Раковым больным и в будни нерадостно, в воскресенье и того хуже! Белые халаты сбегают, больных не осматривают, в воскресенье всюду царствует рак. Всех охватывает оцепенение, страдание растворяется в тишине, время тянется. Очень мрачно, особенно зимой, когда даже утром темно.

Из окна я вижу заброшенную стройку. Она похожа на мою жизнь. Никакого развития. Экскаваторы замерли, краны парализованы, грузовики неподвижны. Строительный подрядчик сбежал. Дух этого предприятия сломила близость рака. Это болото медленно затягивает меня, как будто оно воплощает бесконечную крестную муку, вечное испытание. Поникшие краны и самосвалы, землекопы, оставшиеся без работы «по техническим причинам», замерзшие кучи песка – в Вильжюифе даже стройке плохо.

По воскресеньям исчезает и без того малый смысл жизни. На всех этажах царят боль и оцепенение послеоперационных больных. Двое спрашивают у медсестры расписание богослужений. Я пристраиваюсь к ним: я готова расстаться со своим «королевством», мне необходимо чем-то себя занять. Сколько времени я не была в церкви?

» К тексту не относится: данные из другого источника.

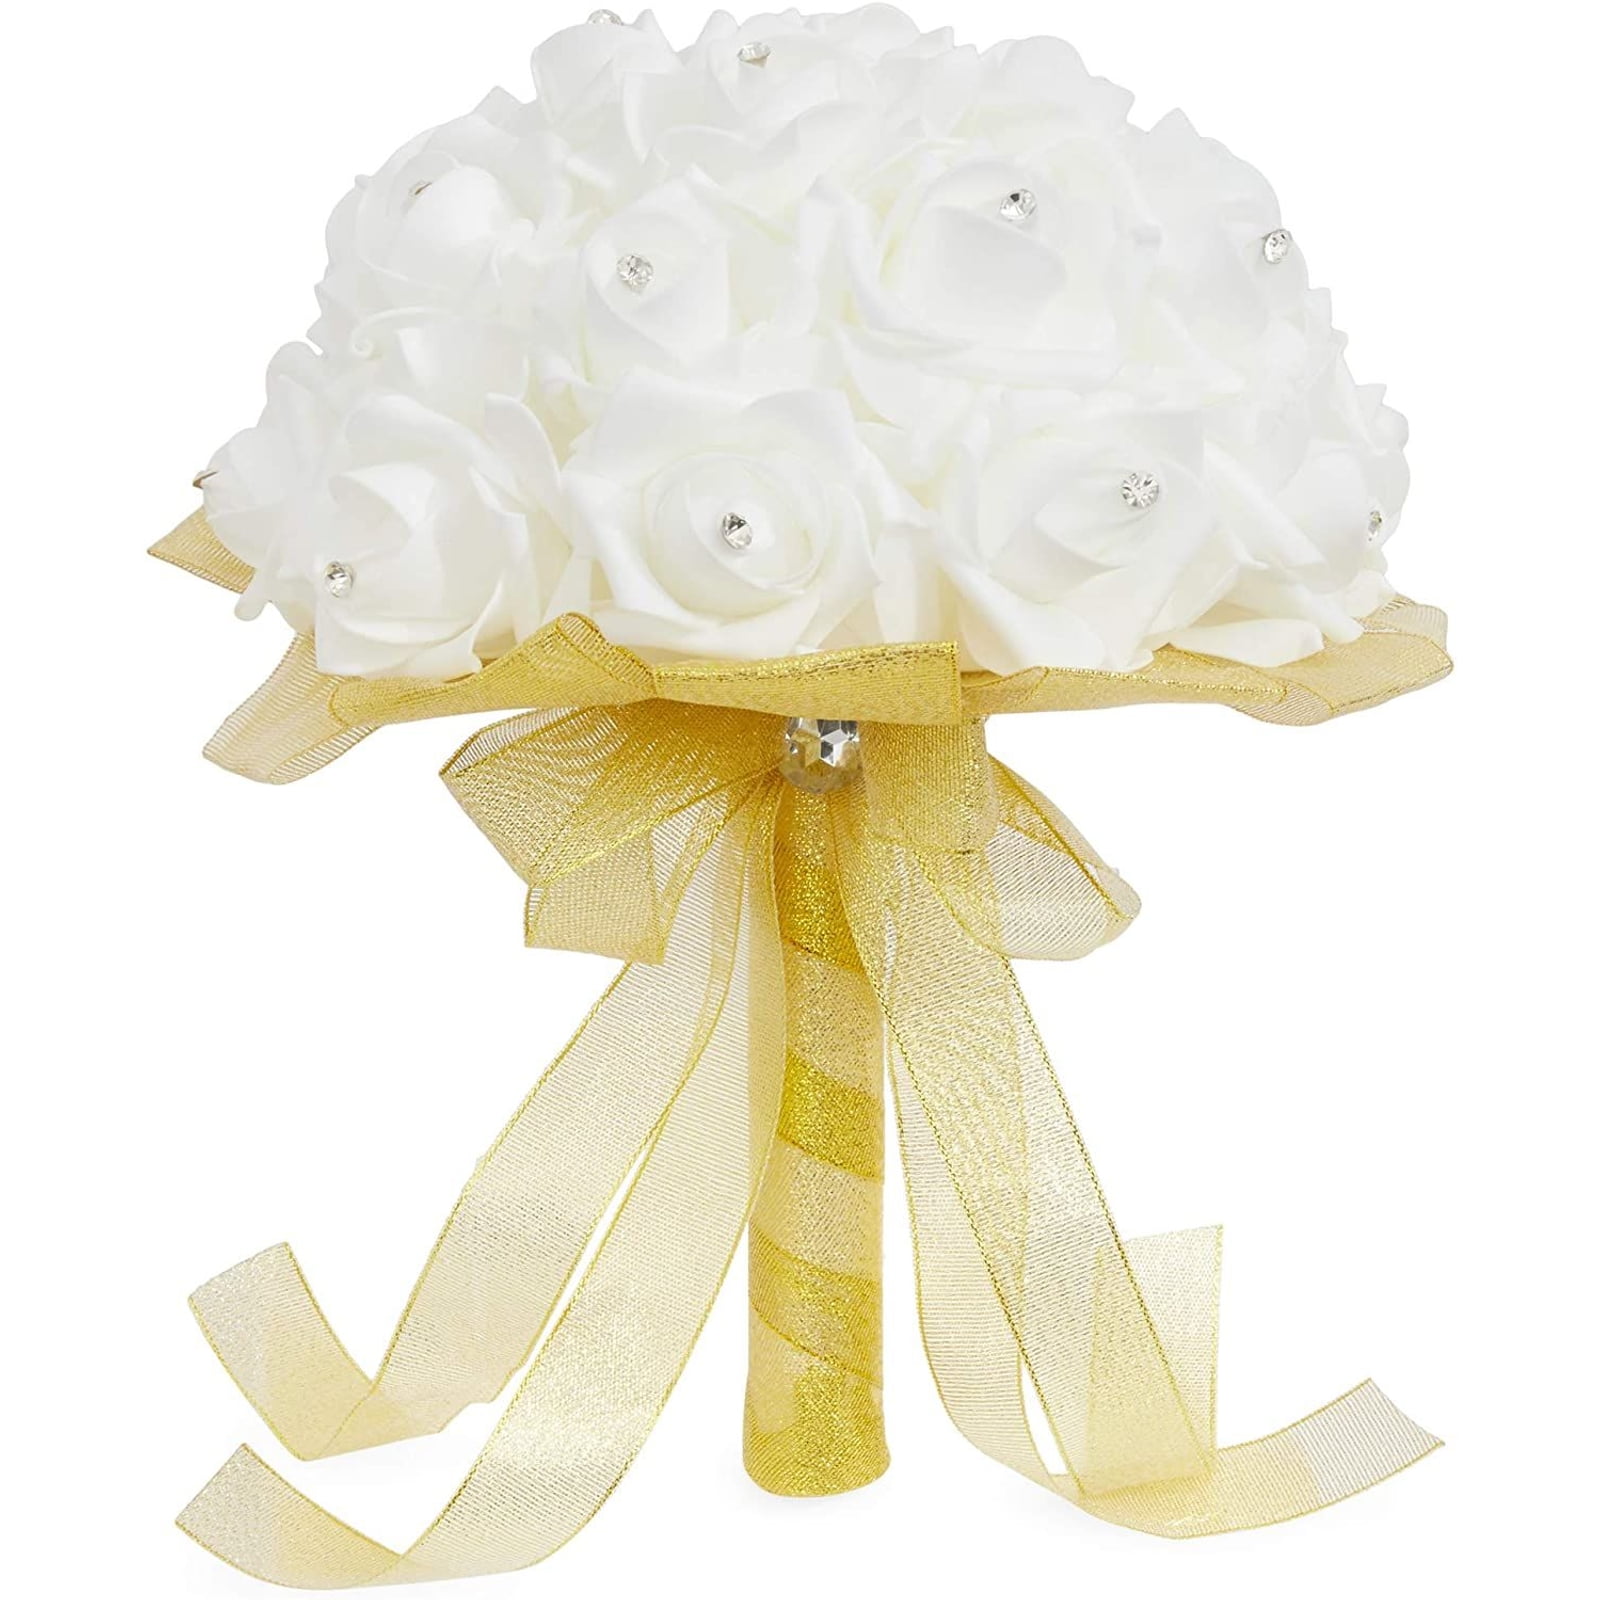 Plain Bunch White Silk Rose Handtied Posy Wedding Bouquet Flowers 18 Stems

Калеки входят в часовню, волоча за собой капельницы с лекарствами; справа от приемной я останавливаюсь, «…и Господь даст благо, и земля наша даст плод свой; правда пойдет пред Ним и поставит на путь стопы свои»[11],– поет лысый ребенок в микрофон. Мод, должно быть, составляла такого типа заклинания в Шапель-Кадо.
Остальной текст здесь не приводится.